# Fordham basketball coach exposed on twitter by wife



## badmemory (Jul 31, 2012)

Ouch. 


Karen Neubauer, wife of Fordham men’s basketball coach Jeff Neubauer, apparently has some things she needs to get off her chest.

*22 yr marriage OVER when Jeff Neubauer met a Golddigger in Prague on a train.Working @ a Catholic U doesn't=morals. pic.twitter.com/Q7pxtqMYsO*

— Karen Neubauer (@RunKnitTravel) May 9, 2016

*Breaking the silence. Never thought Fordham HC Jeff Neubauer would lie or cheat on me but today it all comes out with the story on Martina.*

— Karen Neubauer (@RunKnitTravel) May 13, 2016

The details about “Martina” or Jeff Neubauer’s alleged indiscretions remain murky, but Karen Neubauer’s Twitter feed is basically an extended remix of that Carrie Underwood song where she takes a bat to that dude’s truck.

*Jeff Neubauer…. This song is for you. Embrace the words because you need to say them ALOT! pic.twitter.com/K3ugZKxQSm
*
— Karen Neubauer (@RunKnitTravel) April 27, 2016

Things apparently went sour sometime in March.
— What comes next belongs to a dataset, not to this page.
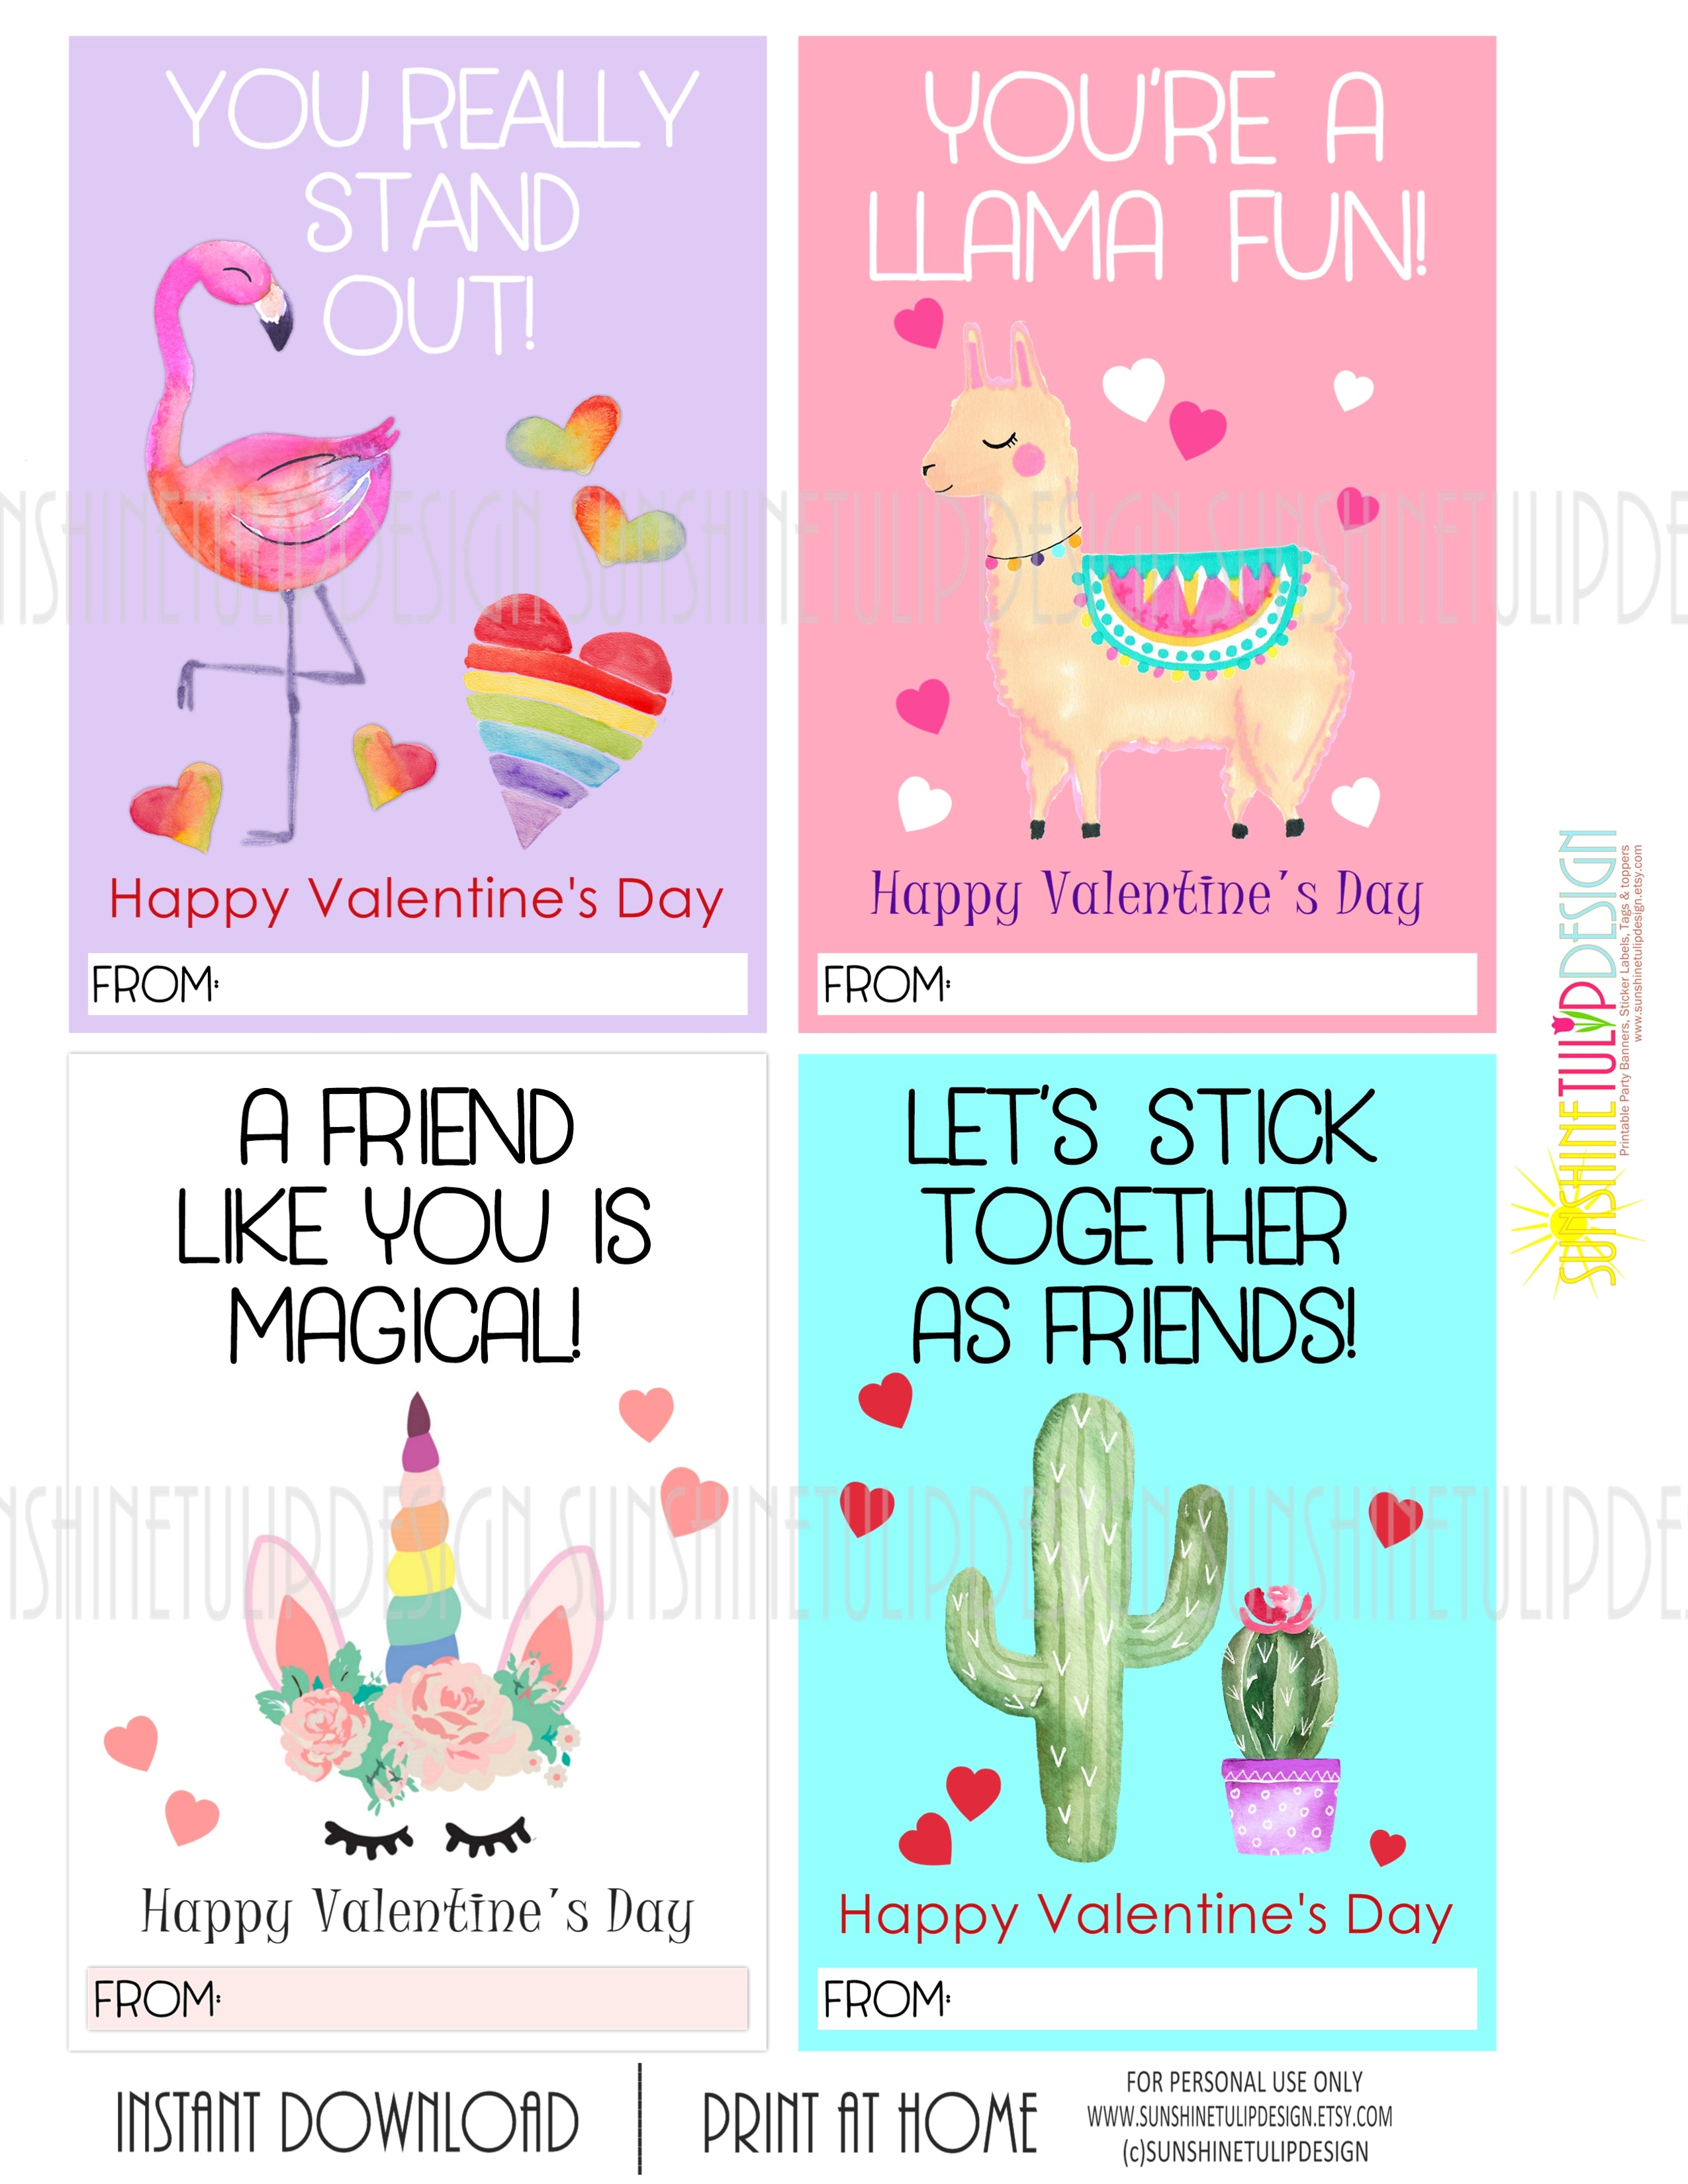 Printable Valentines Day Cards, Kid's Valentine's Cards, Instant Download  Pun Valentines Cards by SUNSHINETULIPDESIGN

*Cheaters never win. He might think that in the short term he is a winner but it will all catch up to him in the end. #wordstoliveby*

— Karen Neubauer (@RunKnitTravel) March 5, 2016

And continued into April.

https://twitter.com/RunKnitTravel/status/717164905623863296

*How do you tell a man that he will regret the choices he has made? Somehow stupid doesn't quite work. #regret #jeffneubauer #WTF*

— Karen Neubauer (@RunKnitTravel) April 4, 2016

Jeff Neubauer went 17-14 in his first season as Fordham’s coach, the Rams’ first winning season since 2006-07 and just their second since 1991-92, which was the last time Fordham made the NCAA tournament. In April, the school announced that he had agreed to a contract extension.


----------



## BetrayedDad (Aug 8, 2013)

badmemory said:


> Jeff Neubauer went 17-14 in his first season as Fordham’s coach, the Rams’ first winning season since 2006-07 and just their second since 1991-92, which was the last time Fordham made the NCAA tournament. In April, the school announced that he had agreed to a contract extension.
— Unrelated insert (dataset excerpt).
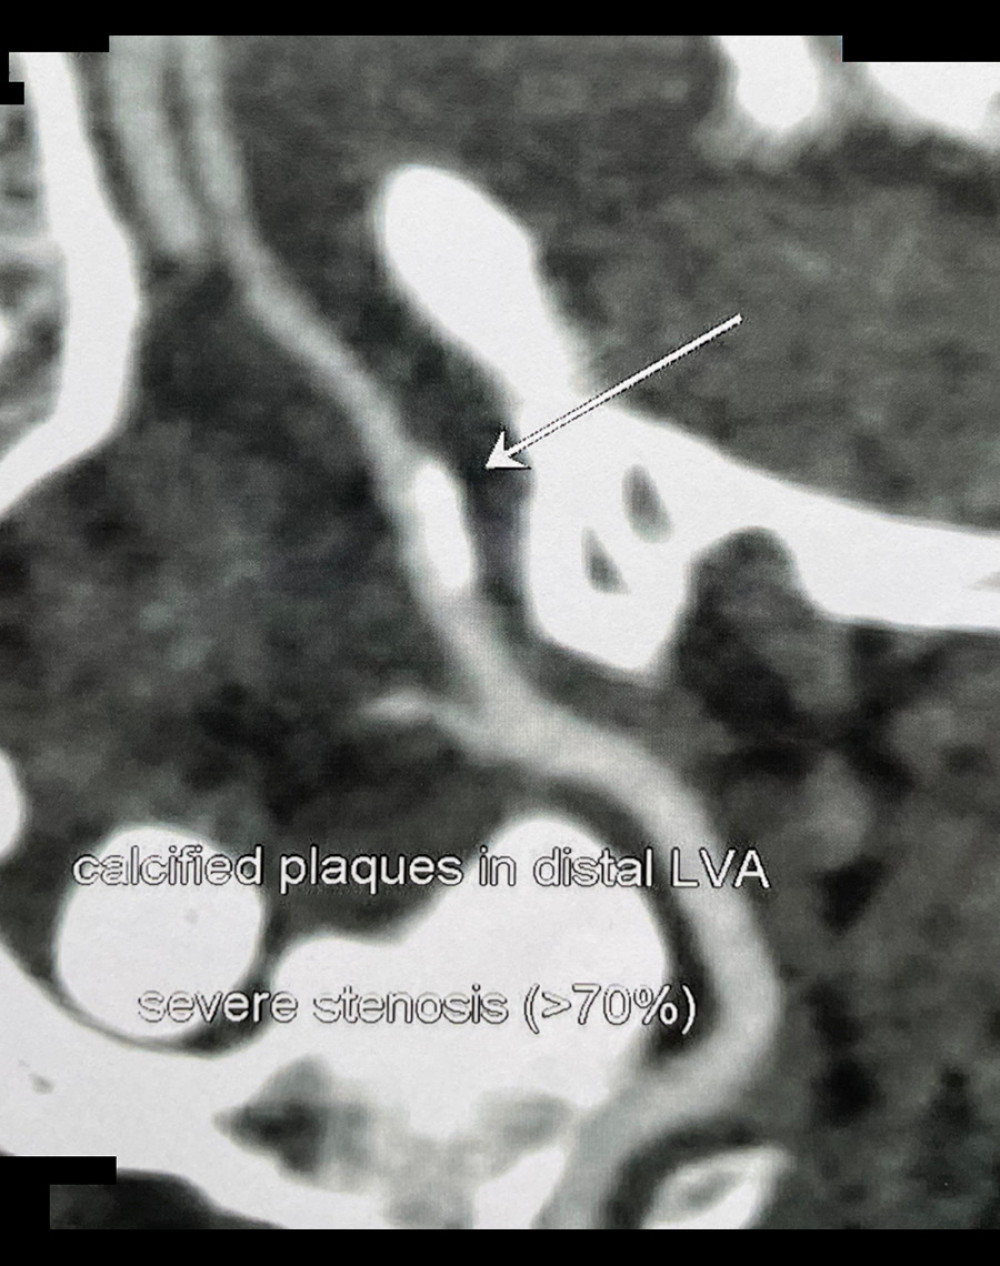 Oblique computed tomography angiogram of the head showing calcified plaque of the left vertebral artery (LVA) at the transition between the V3 and V4 segment of the right vertebral artery RVA (arrow).

The REAL tragedy in this story is that they gave him a contract extension. Fordham sucks (no offense any alumni out there).


----------



## stephscarlett (Sep 2, 2015)

OMG ouch.


----------



## jorgegene (May 26, 2012)

good on her.

expose, expose, expose.........


----------



## arbitrator (Feb 13, 2012)

*Other than learning the NCAA Basketball Rule Book for the 2016-17 season, Coach Neubauer had better be familiarizing himself with his state/local family laws regarding child custody as well as community property!

But much unlike the University, I don't really expect that his STBXW will be issuing him a contract extension or renewal anytime soon! *
_Posted via Mobile Device_


----------



## jb02157 (Apr 16, 2014)

This will be bad for the school. He can expect that contract extension is not gonna happen.


----------



## Maxo (Mar 8, 2016)

Yikes, Fordham. I attended right after Digger Phelps left following Fordham's best year in 1970. They had a great player, Charlie Yelverton, who played one year at Portland, I think , with Sidney Wicks. Ken Charles was , also, really good and had a 5-8 year NBA career, I think ( Buffalo Braves with Randy Smith). 1970 they beat Notre Dame , with Austin Carr. Almost beat Marquette, with Dean Meminger and Jim Chones. I saw the Notre Dame game at the Garden.
PJ Carlisimo was JV coach and Denzel Washington was playing JV.
This stuff is rampant. Remember Rick Pitino a few years back? He was playing point guard at UMass and one of my best friends was at Maine, and covered him a lot.


----------